Euro-to-Dollar Rate: Critical Test of 200 Day MA to Set the Tone for Coming Weeks

 

Euro to Dollar rate chart

Image © Adobe Images

  • EUR/USD spot at publication: 1.1919
  • Bank transfer rates (indicative guide): 1.1500-1.1580
  • Money transfer specialist rates (indicative): 1.1836
  • More information on bank-beating rates, here
  • Set a rate alert, here

Foreign exchange markets are relatively subdued ahead of the week's main market event: the March interest rate decision of the U.S. Federal Reserve.

The Euro has swung from losses to gains against the Dollar, Pound and other major currencies, but foreign exchange strategists we follow say no major directional moves are likely until the Fed's call.

The Fed decision, due at 18:00 GMT, comes at an important moment for the Euro-to-Dollar exchange rate (EUR/USD), which is approaching a major technical level which could ultimately guide trade over coming weeks.

"Where the pair closes in relation to the 200-DMA is vital," says Jeremy Boulton, a Reuters market analyst.

The 200-day moving average is located at 1.1486 at the time of publication, and is designated by the blue line in the below:

Euro to Dollar rate relative to 200 day MA

"The 200-DMA break in May 2020 sparked a huge rally," notes Boulton. "Should EUR/USD close below it the least traders should expect is a period of lower ranges within the 1.15-20 bounds traded August-December last year."

But, if the break above the 200-DMA is matched by a break down, the drop will run much deeper than most traders now expect warns the analyst.

"If the 200-DMA holds, it could serve as the foundation for a much bigger rise to 1.25 this summer and 1.35 longer-term," says Boulton.

He notes EUR/USD is yet to reach the minimum objective for a technical correction of its rise since March last year, which is 1.1695.

"The bull trend is strong and 1.1695 is the ideal spot from where the uptrend is resumed, a probability heightened if traders significantly reduce bullish bets," says Boulton.

All eyes will today be on the U.S. Federal Reserve and their response to rising bond yields, which numerous analysts we follow say are supportive of the Dollar.

Indeed, we report here that analysts are saying the Dollar can go higher should bond yields rise further in response to the Fed meeting.

But Boulton makes a point that while the rise in U.S. yields has gained much attention recently, "to trade EUR/USD in relation to yields is probably a mistake".

He explains EUR/USD dropped substantially between 2018 and 2020, because there was a big interest rate gap and shorting EUR/USD to bank that carry offered easy money.

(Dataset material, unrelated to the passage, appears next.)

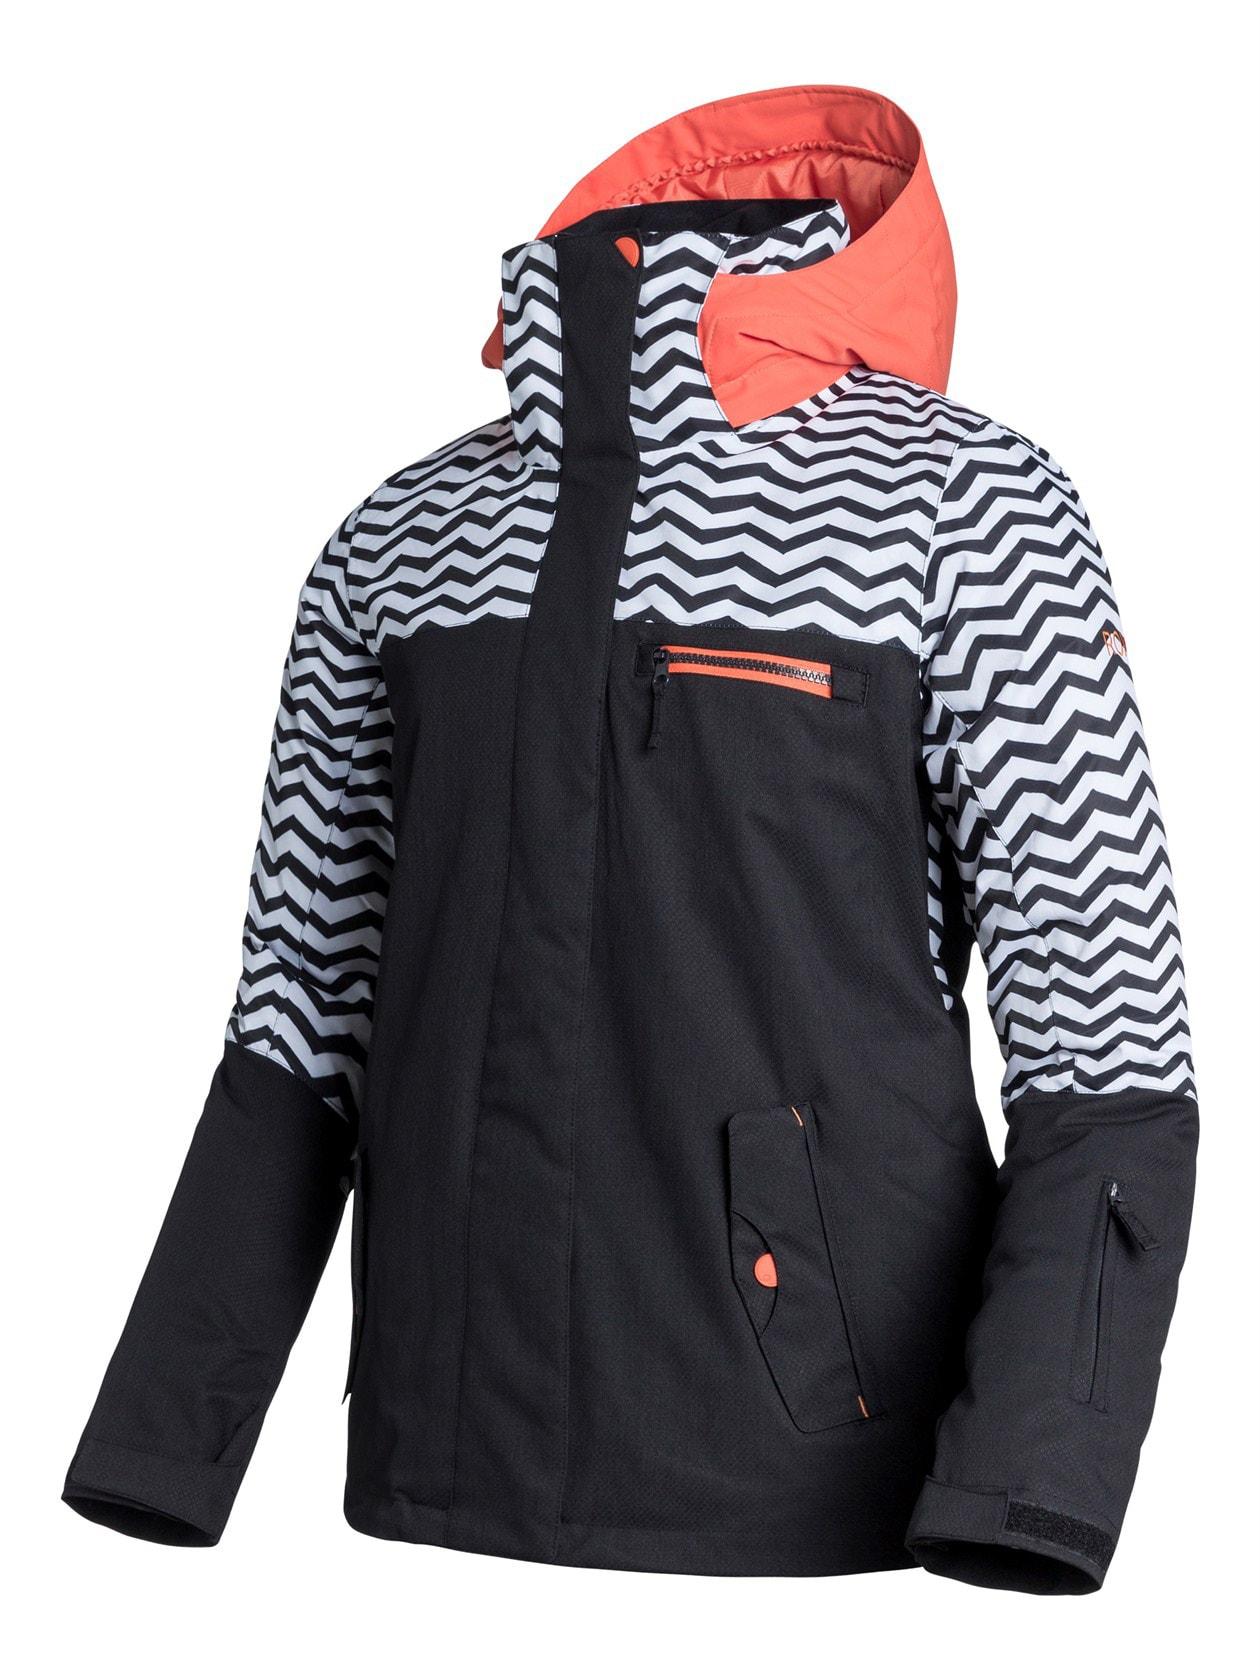 Roxy Jetty Block Snowboard Jacket - thumbnail 2

"That gap was eliminated last year and EUR/USD rallied, but the rally was mainly inspired by the European Union's landmark agreement for a rescue fund. Yields were not even on FX traders' radar. That raises serious doubt whether yields can now drive a sell-off," says Boulton.

{wbamp-hide start} {wbamp-hide end}{wbamp-show start}{wbamp-show end}

"Until January this year, EUR/USD rose regardless of the bond moves that pushed the UST/German 10-year yield spread wider. Movement this year for the yield spread is less than that which failed to halt EUR/USD's rising last year," he adds.

Fed Chairman Jerome Powell and his team will likely address the big question investors are grappling with at present: that of rising yields on government bonds.

"The FOMC is facing the first big test of its ultra-dovish policy stance," says Valentin Marinov, Head of G10 FX Strategy at Crédit Agricole. "Expectations of a vigorous U.S. economic recovery and even overheating have propelled UST yields to multi-month highs while US rates markets have started front-loading rate hikes.

Treasury bond yields (USTs) have risen sharply thanks to the passage of the $1.9TRN stimulus package, a reflection that investors believe the injection of cash will raise inflation rates over coming months and years. Bond investors demand greater compensation for holding Treasuries if they expect higher inflation in the future, which is in turn reflected in the higher yield the bond issuer pays out.

The side effects of rising bond yields is a generalised rising cost of finance which rips right through the financial sector, which in turn acts as a headwind to the economic recovery.

Another side effect of rising bond yields has been a firmer Dollar. Therefore, the Fed's ability to contain rising yields has implications for the Dollar and markets in general.

If the Fed signals it is comfortable that the rising yields represent improved confidence in the economic outlook, the Dollar could be the big winner in the wake of the Fed meeting.

The rise in yields and inflation exceptions corresponded with the market now pricing in an initial interest rate hike from the Fed within the next two years, with three hikes in total expected by the end of 2023.